The development of cardiac symptoms in Friedreich ataxia is suspected to be the result of decreased frataxin levels, possibly leading to increased sensitivity to oxidative stress in cardiac tissues as a result of mitochondrial dysfunction. Although the exact progression of cardiac dysfunction in Friedreich ataxia remains unclear, Raman et al identified abnormal myocardial perfusion reserve and fibrosis as early manifestations in Friedreich ataxia–associated cardiomyopathy. These characteristics were also evident before significant hypertrophy and cardiac failure in a cohort of 26 patients. Additionally, myocardial perfusion reserve in these patients was associated with significant lipid abnormalities, leading to the assumption that metabolic syndrome characteristics induced by frataxin deficiency arise from beta-cell death, decreased insulin levels, and skeletal muscle lipogenesis, thus promoting cardiac abnormalities. ¹³

The rapid progression of cardiac symptoms in other endocrinopathy-associated disorders has been noted in case studies.
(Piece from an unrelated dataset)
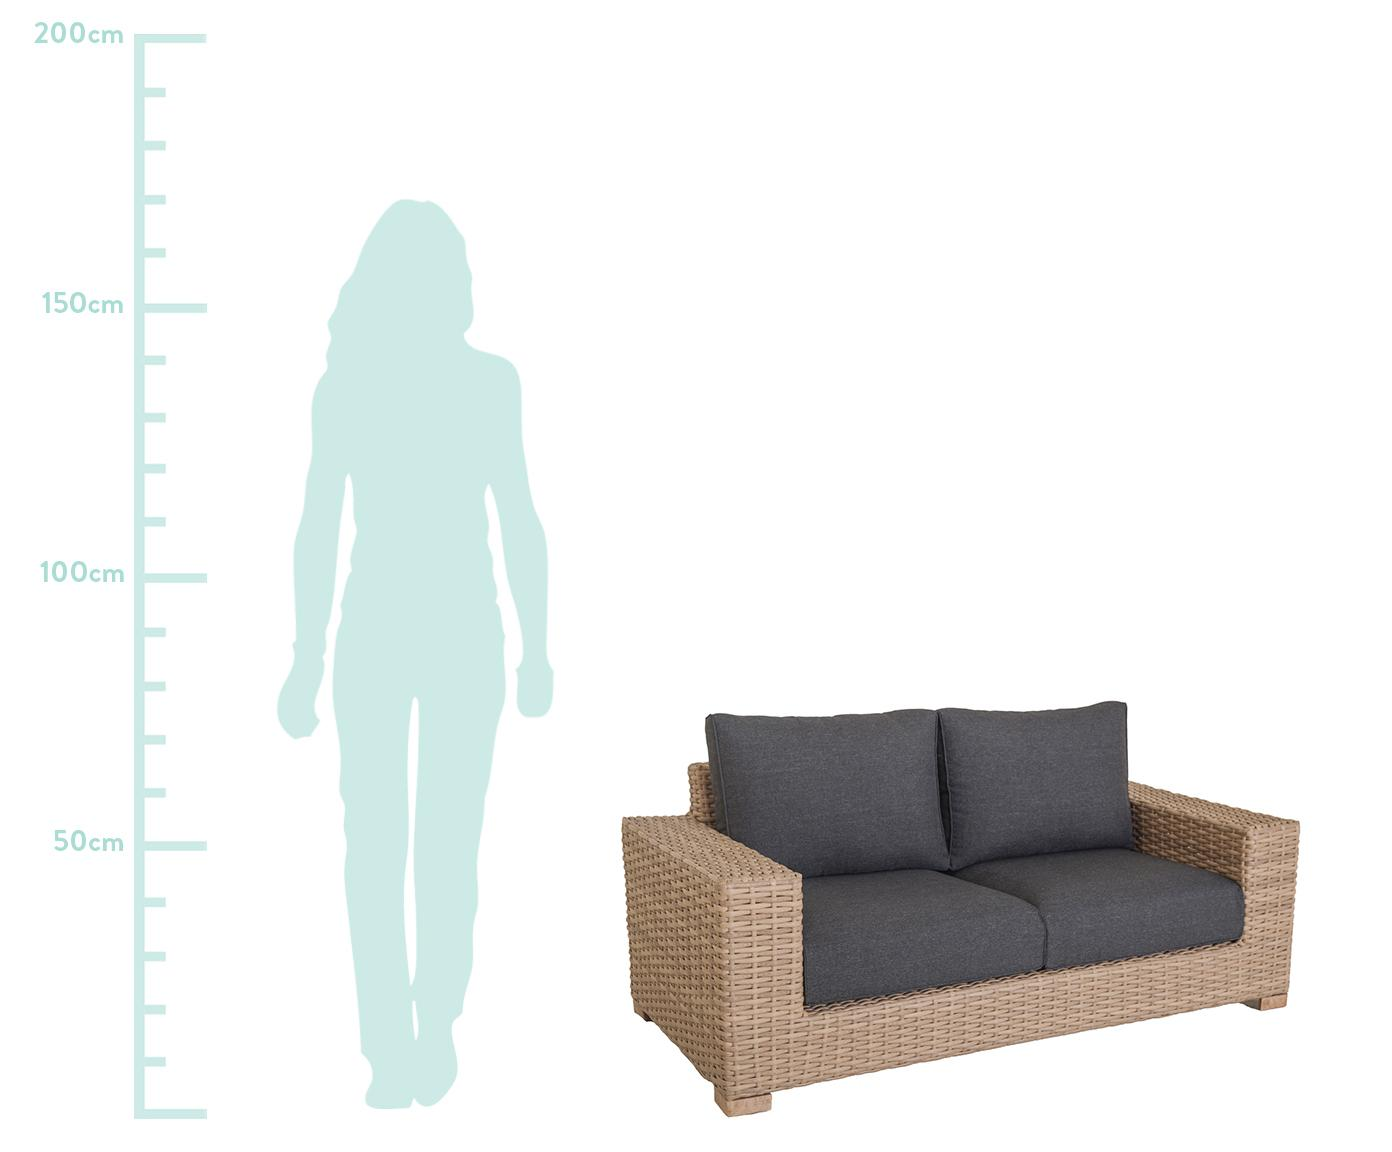 Garten-Loungesofa Saba aus Polyratten (2-Sitzer), Korpus: Polyrattan, UV-beständig, Füße: Akazienholz, massiv, Gestell: Aluminium, Bezug: Polyester, UV-beständig u, Braun, B 180 x T 88 cm

These disorders, like Friedreich ataxia, can exhibit mitochondrial dysfunction, leading to oxidative stress in cardiac and muscle tissue, which presumably promotes cardiac abnormalities and associated endocrinopathies. ^{14 –16} In a case report of a 54-year-old patient with mitochondrial encephalomyopathy, lactic acidosis, and stroke-like episodes and associated mitochondrial diabetes, the patient developed hypertrophic cardiomyopathy that rapidly progressed to dilated left ventricular hypertrophy. ¹⁴ A 45-year-old woman with maternally inherited diabetes and deafness was reported to experience rapid progression of cardiac dysfunction, in which left ventricular hypertrophy transitioned to hypokinetic cardiomyopathy over a 10-month period, leading to congestive heart failure. ¹⁵ A study of 44 patients with lipodystrophy concluded that hypertrophic cardiomyopathy is commonly associated with this disease, and that this cardiac symptom may be due to severe insulin resistance associated with lipodystrophy or a proposed “lipotoxic cardiomyopathy” that results from an accumulation of triglycerides in cardiac tissue. ¹⁶

Although the incidence of diabetes mellitus and carbohydrate intolerance in Friedreich ataxia has been estimated as 10% to 20%, Graves disease is not known to be associated with Friedreich ataxia. ^{2 –4,9} Review of the literature reveals only the single case report mentioned earlier, in which a Friedreich ataxia patient presented with both diabetes and hyperthyroidism, and whose underlying cardiomyopathy was controlled on treatment of both endocrinopathies. ⁹ Whether endocrinopathy is the sole pathologic cause for the reversible cardiac dysfunction in the 2 cases we report on remains uncertain; however, they demonstrate the importance of screening for and awareness of underlying endocrinopathies in Friedreich ataxia patients, because metabolic and endocrine dysfunction have been described as triggers of rapid progression of cardiac dysfunction in a number of metabolic disorders. Further investigation of endocrinopathies in Friedreich ataxia may provide novel therapeutic targets for preventing severe Friedreich ataxia–associated cardiomyopathy.